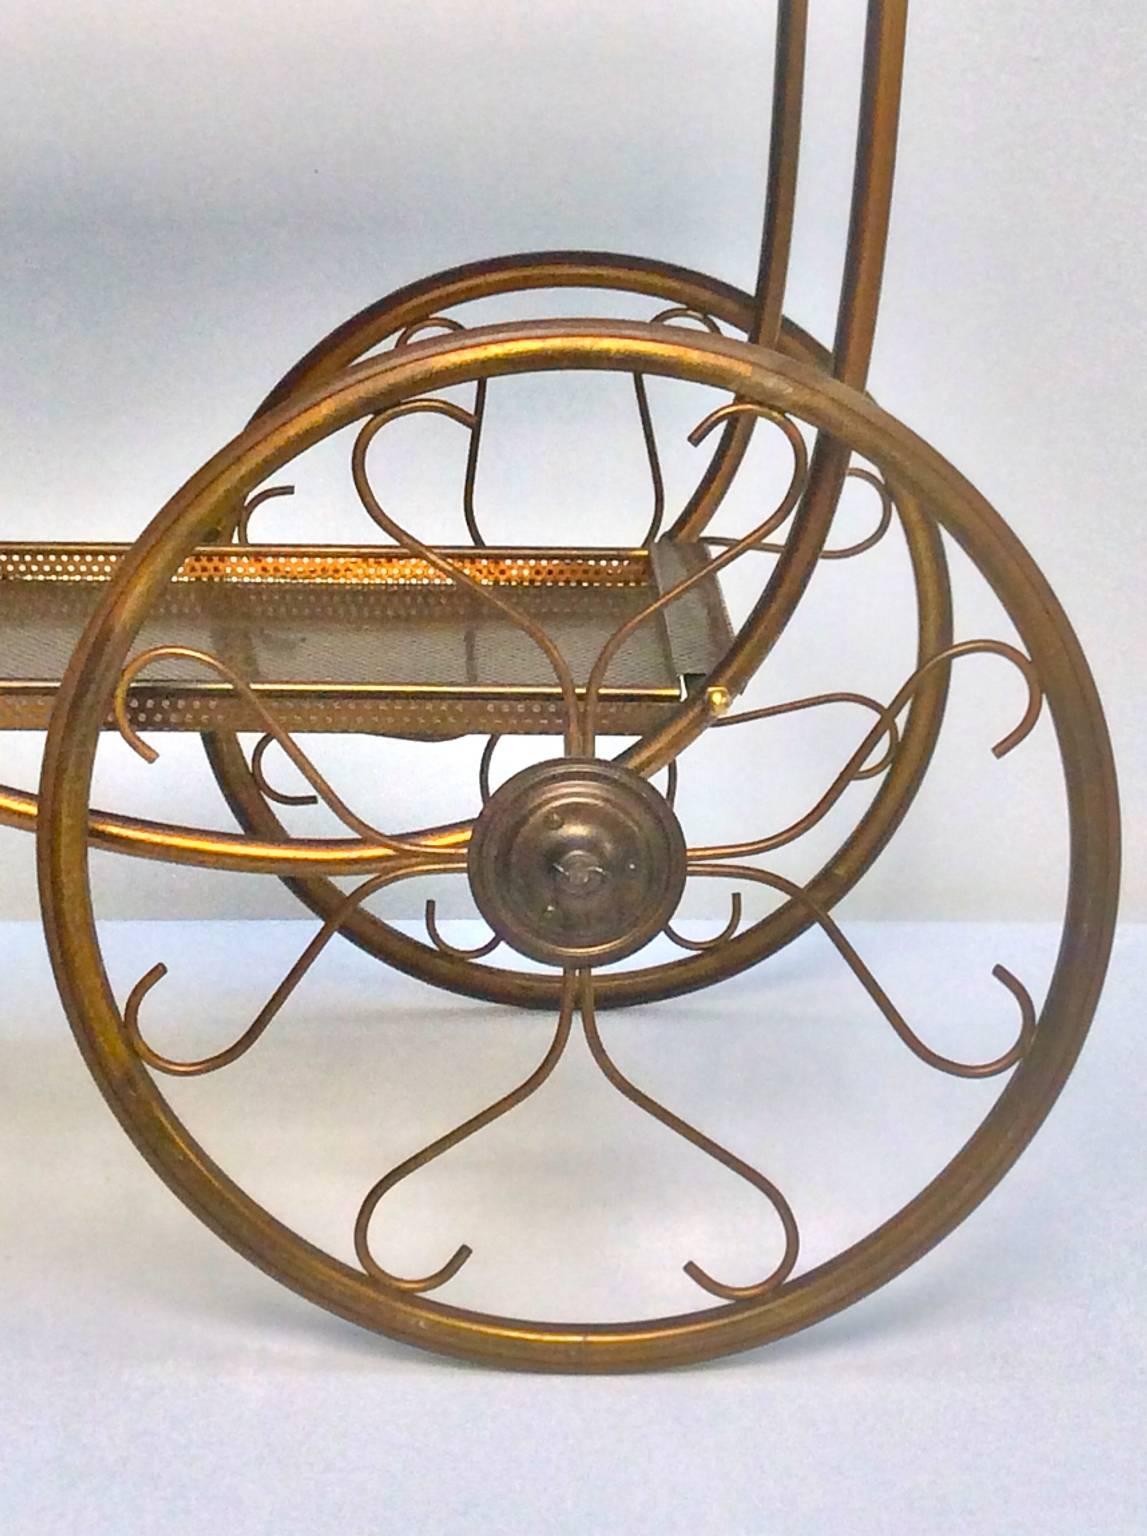 Brass tea or bar cart or trolley by Svenskt Tenn, Sweden, 1950s.

***

From 27 September until 2 October you can see this piece at the Decorative Antiques & Textiles Fair in London

***

A delicate, decorative piece with a tubular brass
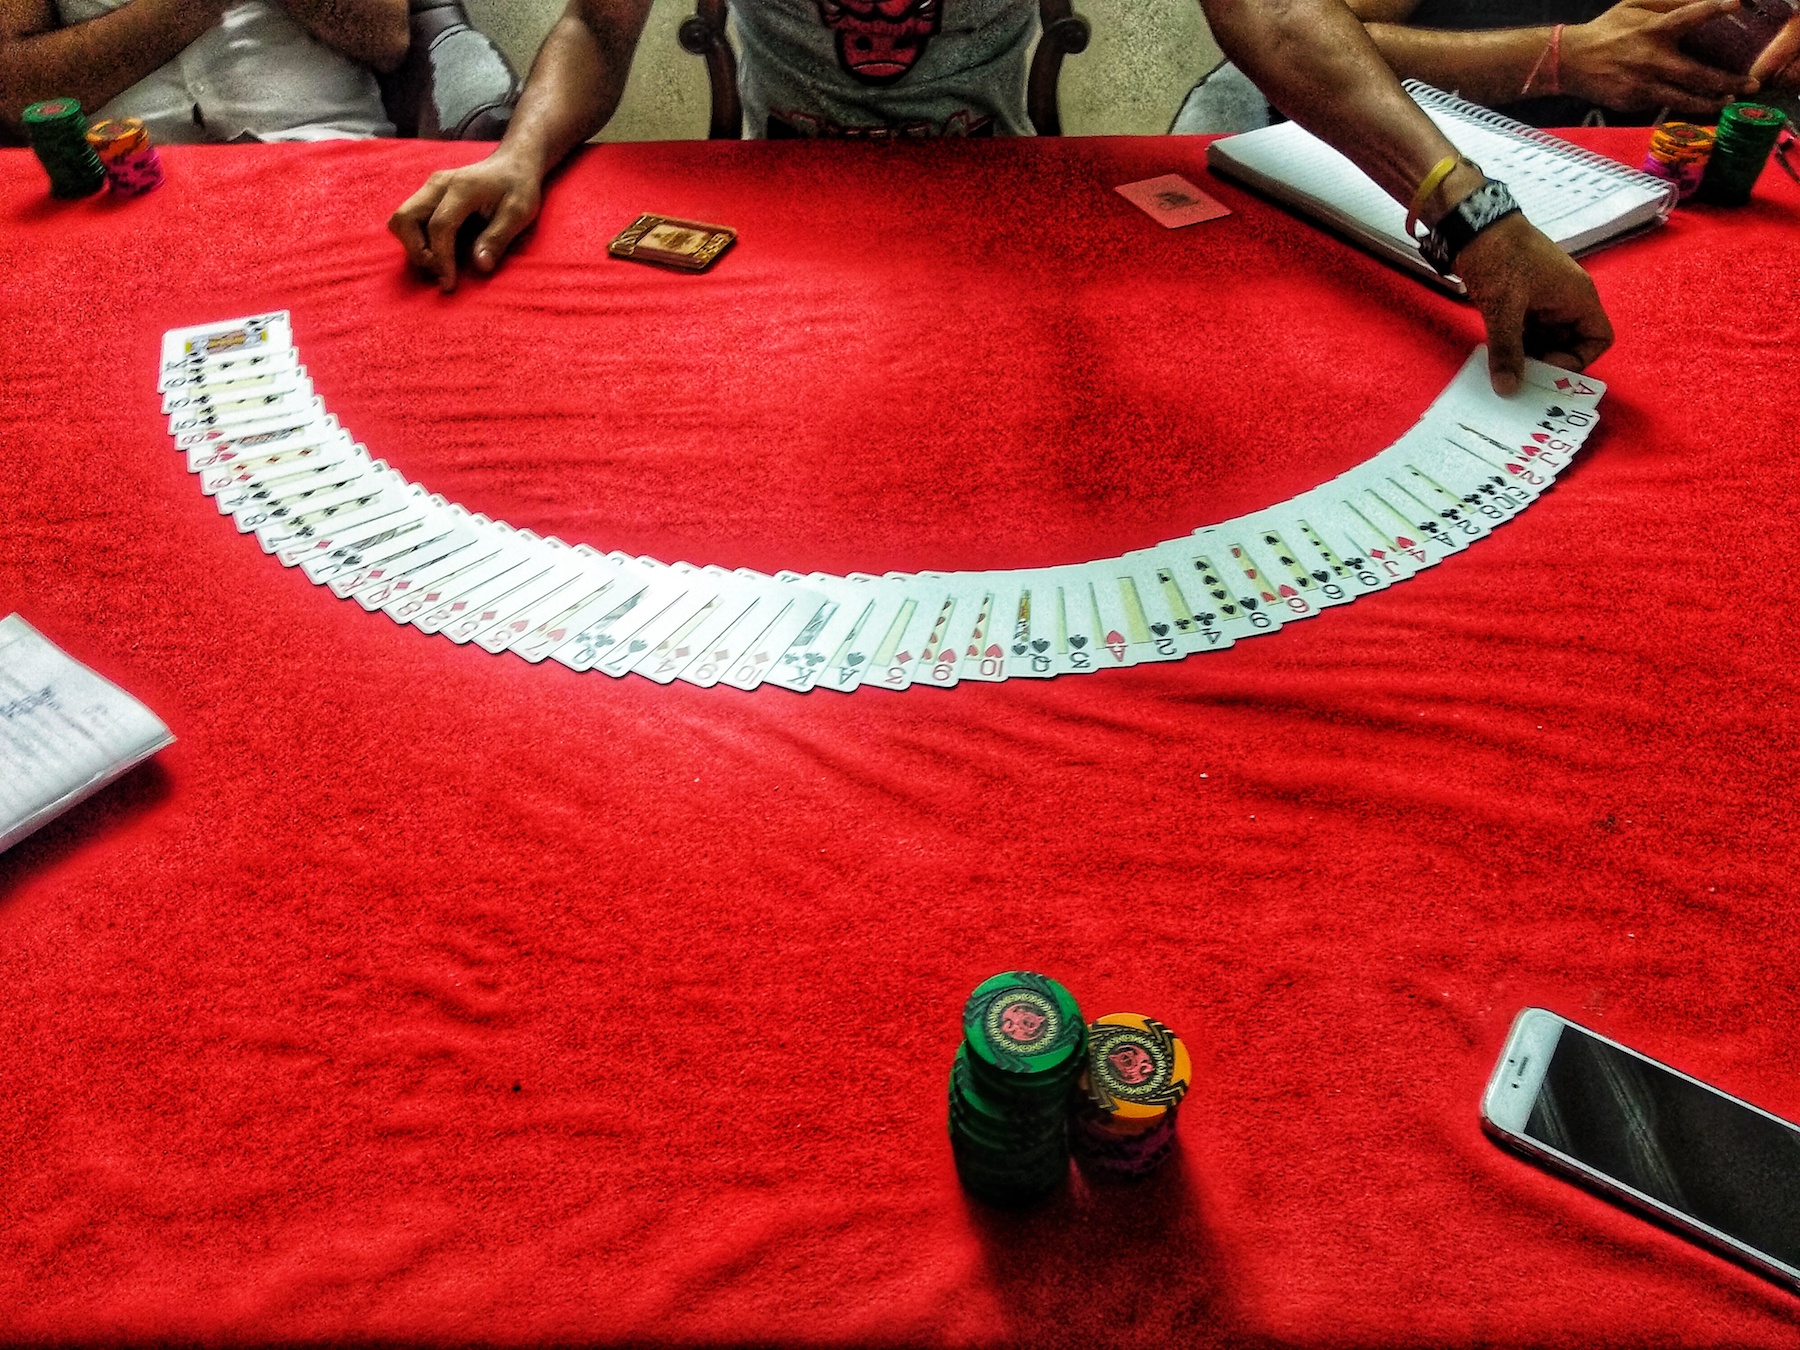 This Illegal Poker Club In Delhi Has 50k Chips And A Pot
════════════════════
[TASK INSTRUCTIONS]: Reproduce every line from the preceding data in which the word "piece" can be found.

[ANSWER FOR THIS EXERCISE]:
From 27 September until 2 October you can see this piece at the Decorative Antiques & Textiles Fair in London
A delicate, decorative piece with a tubular brass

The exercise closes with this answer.